▶ [WHAT THE TASK ASKS]:
Return every line below as is, leaving out the pictures.

▶ [INFORMATION PROVIDED]:
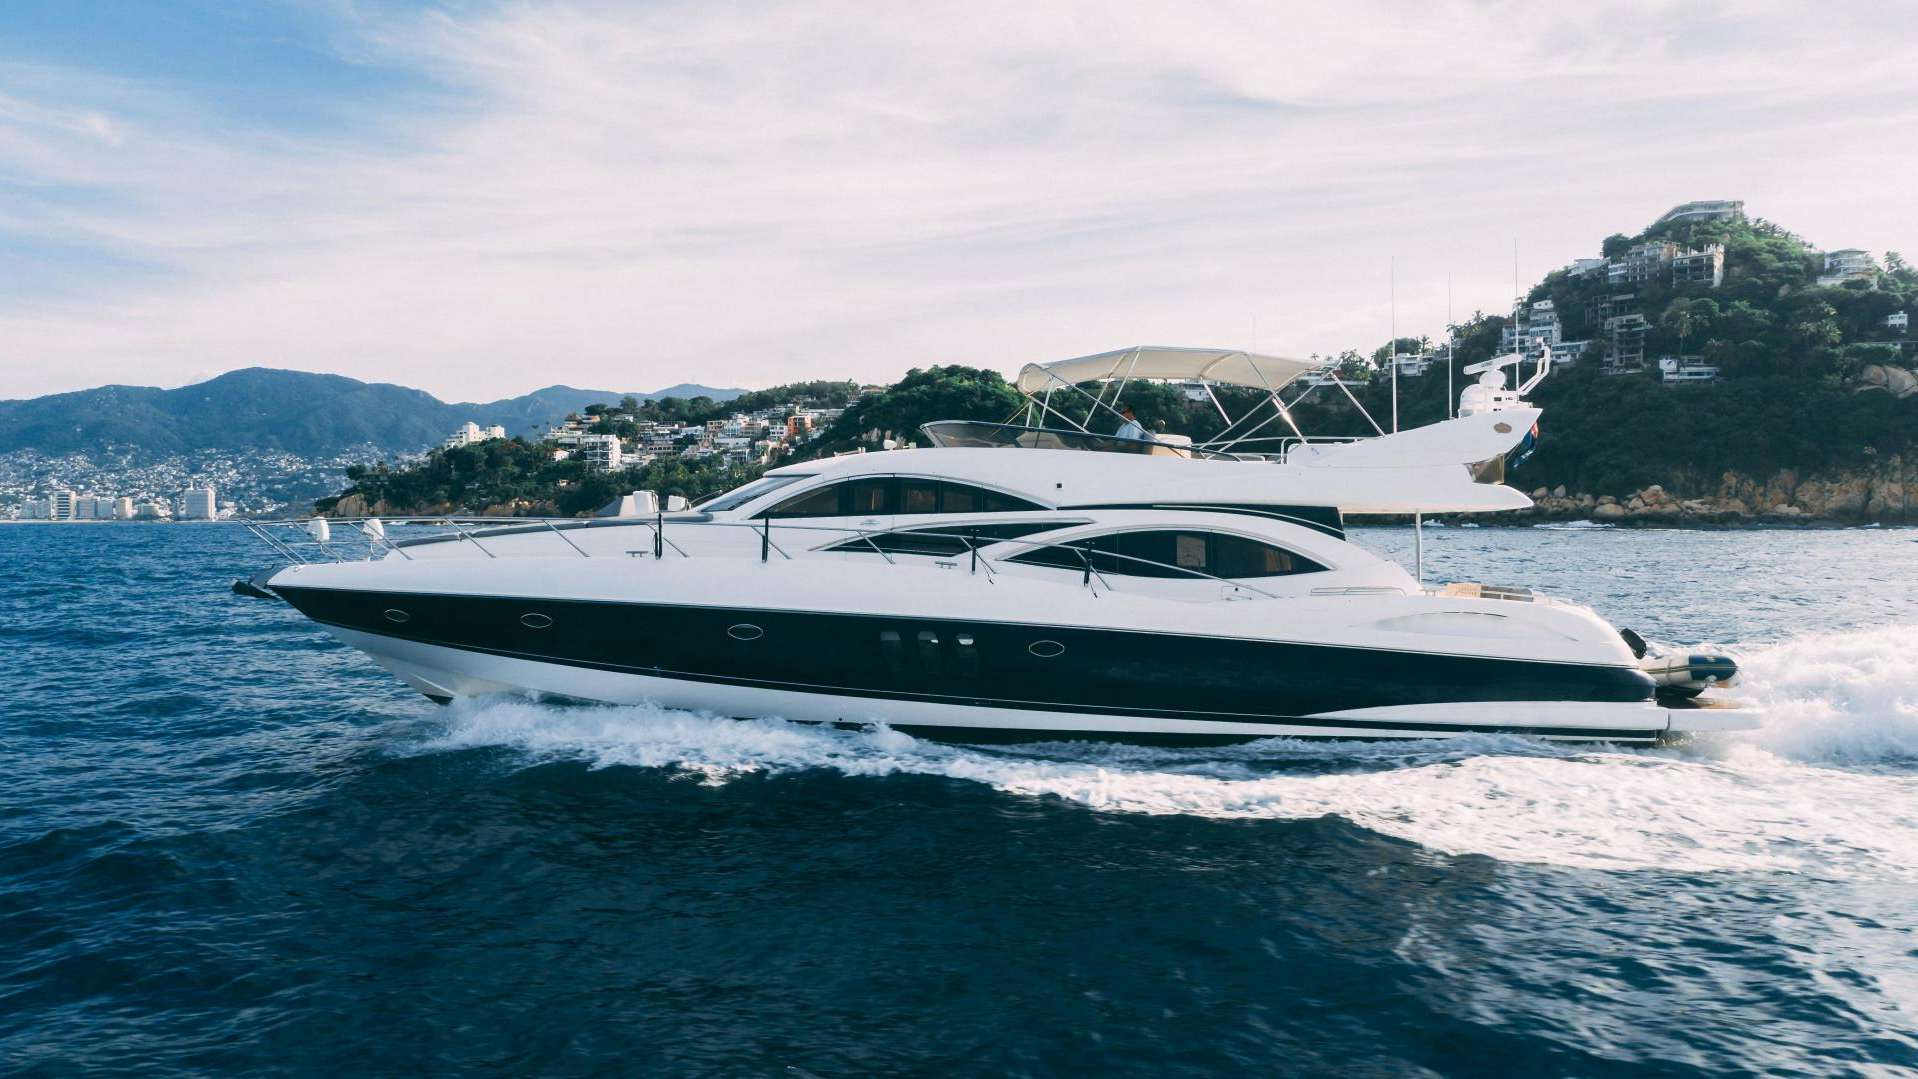 Watch Video for LA BELVA Yacht for Sale
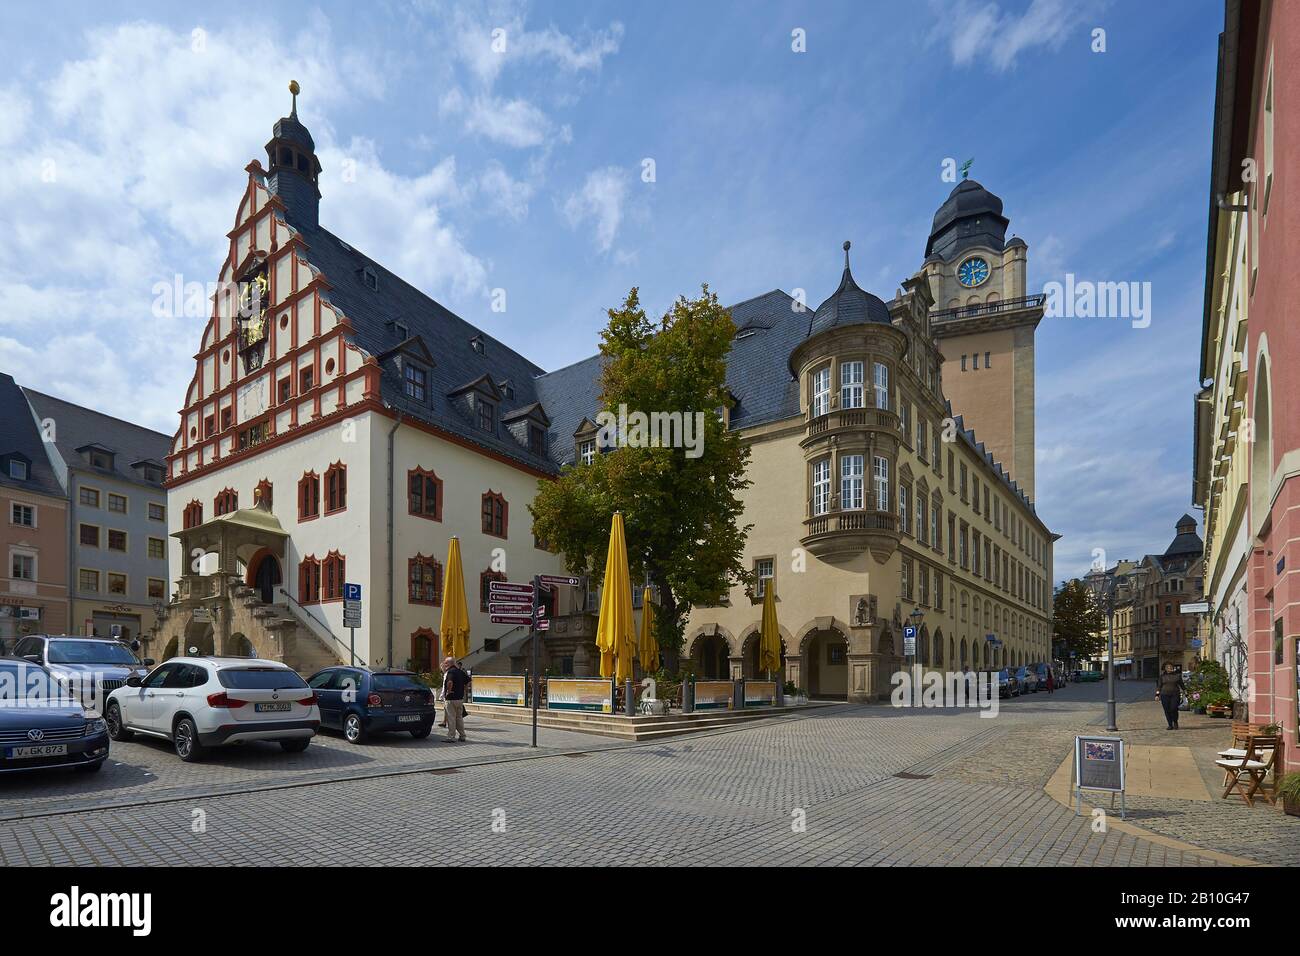 Rathaus am Altmarkt in Plauen, Vogtland, Sachsen, Deutschland Stockfoto
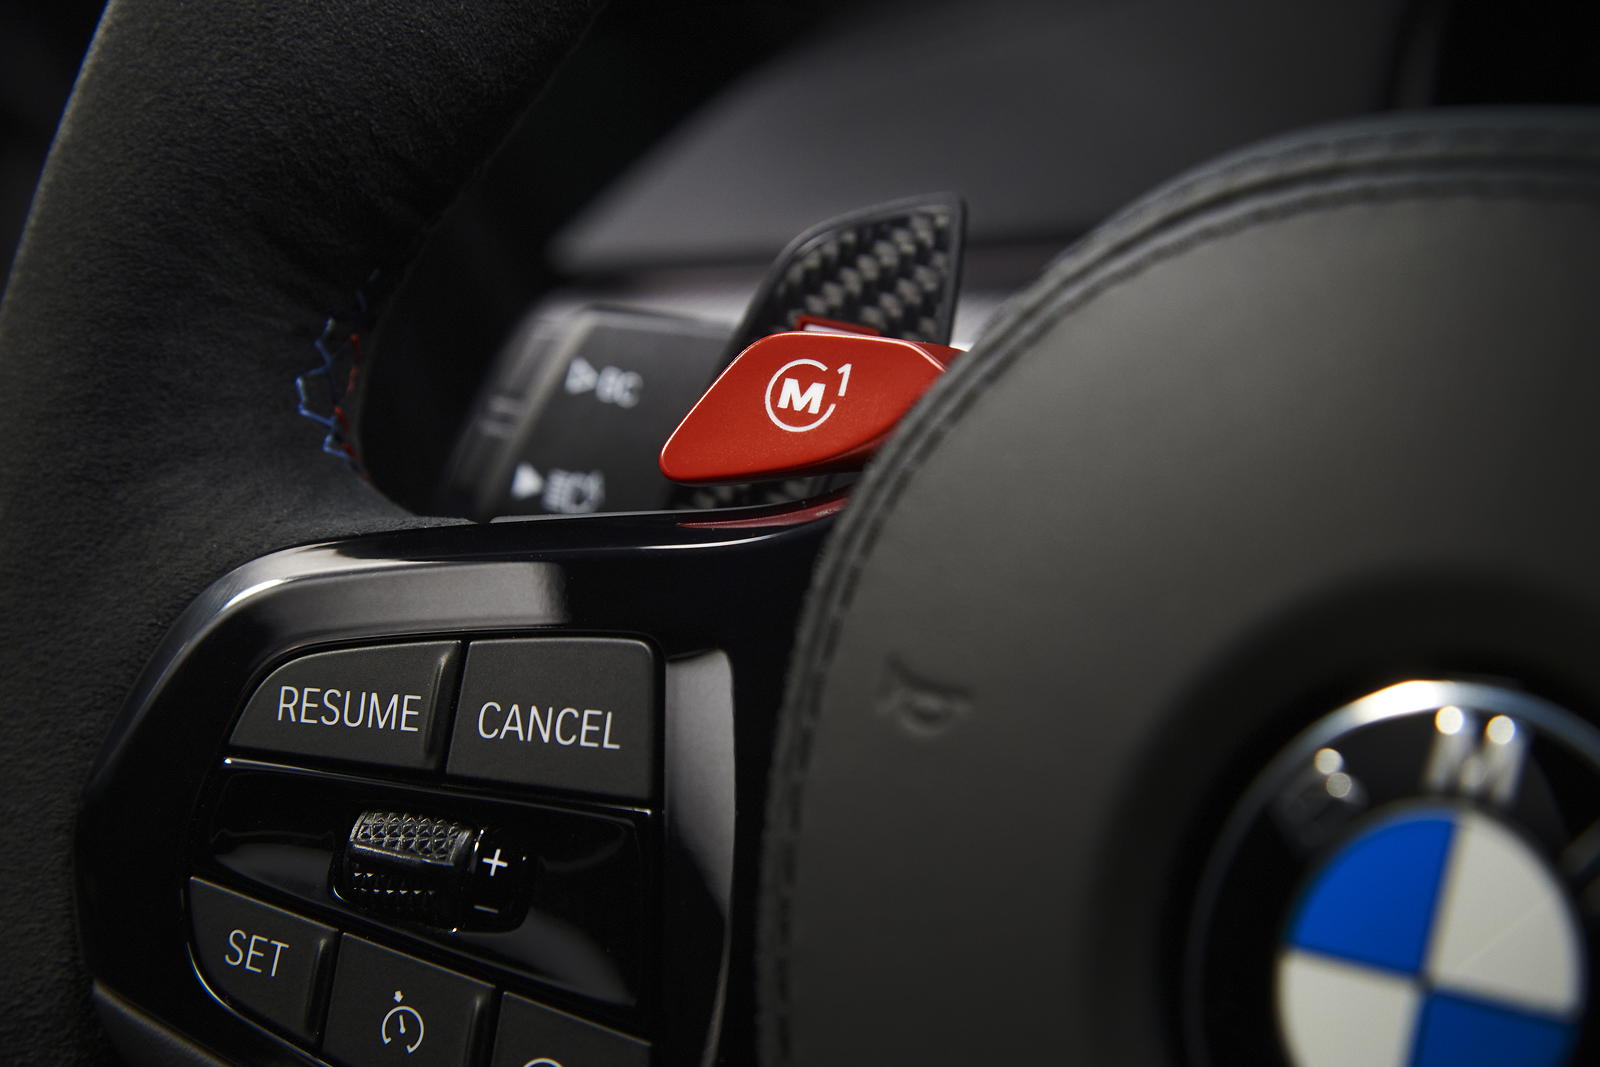 Foto: BMW M5 CS mit roten, prgrammierbaren M-Tasten am Lenkrad. (vergrößert)
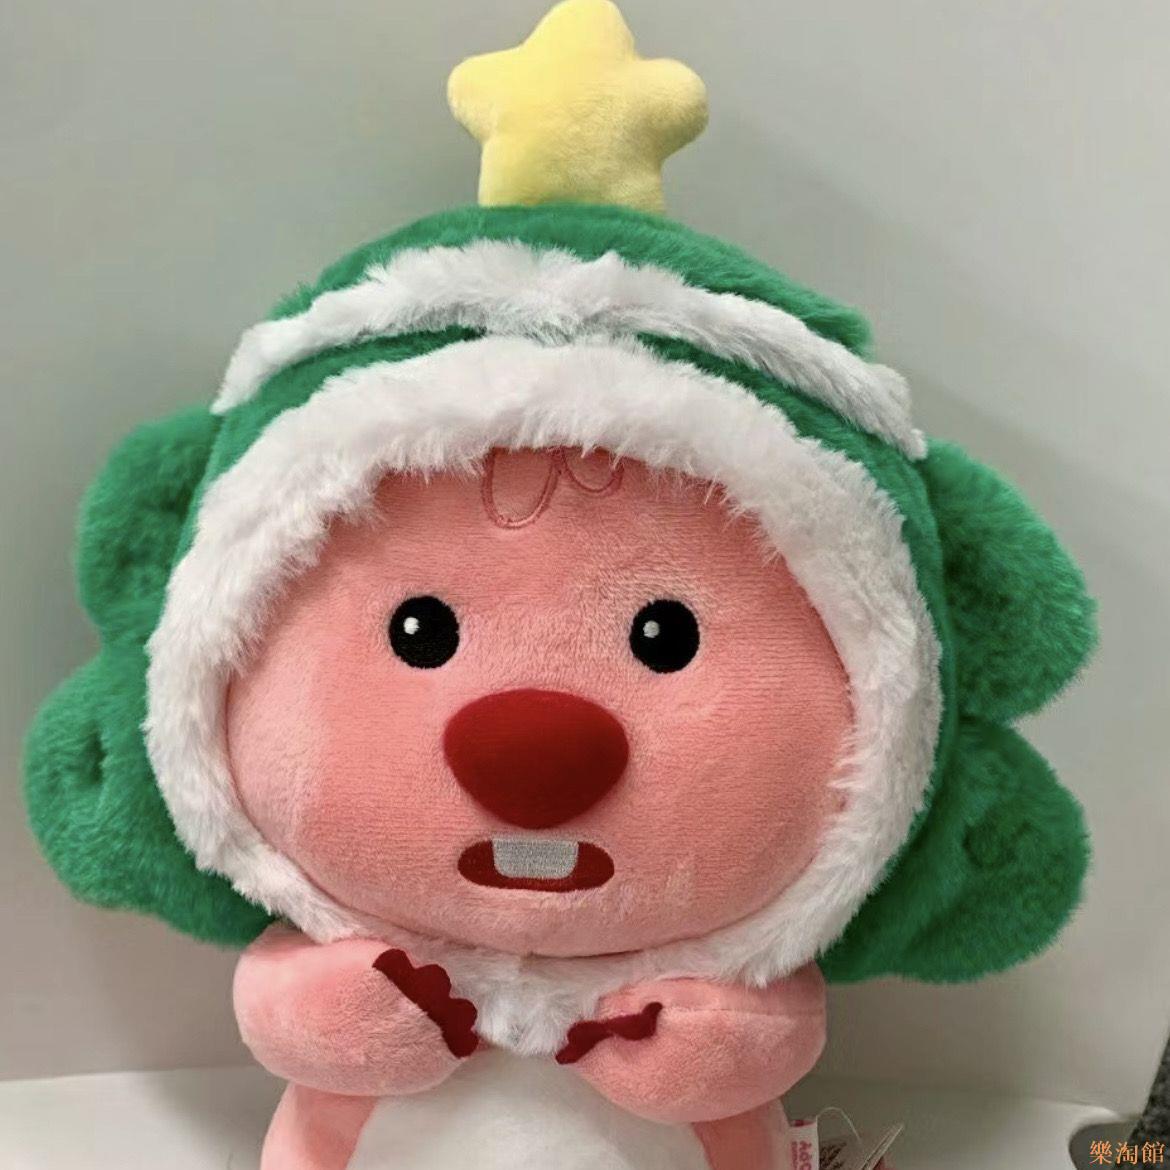 海貍露比圣誕系列麋鹿小雪人公仔頭套可愛玩偶超萌毛絨玩具

▶ [ANSWER SECTION]:
 Watch Video for LA BELVA Yacht for Sale
 Rathaus am Altmarkt in Plauen, Vogtland, Sachsen, Deutschland Stockfoto
 Foto: BMW M5 CS mit roten, prgrammierbaren M-Tasten am Lenkrad. (vergrößert)
 海貍露比圣誕系列麋鹿小雪人公仔頭套可愛玩偶超萌毛絨玩具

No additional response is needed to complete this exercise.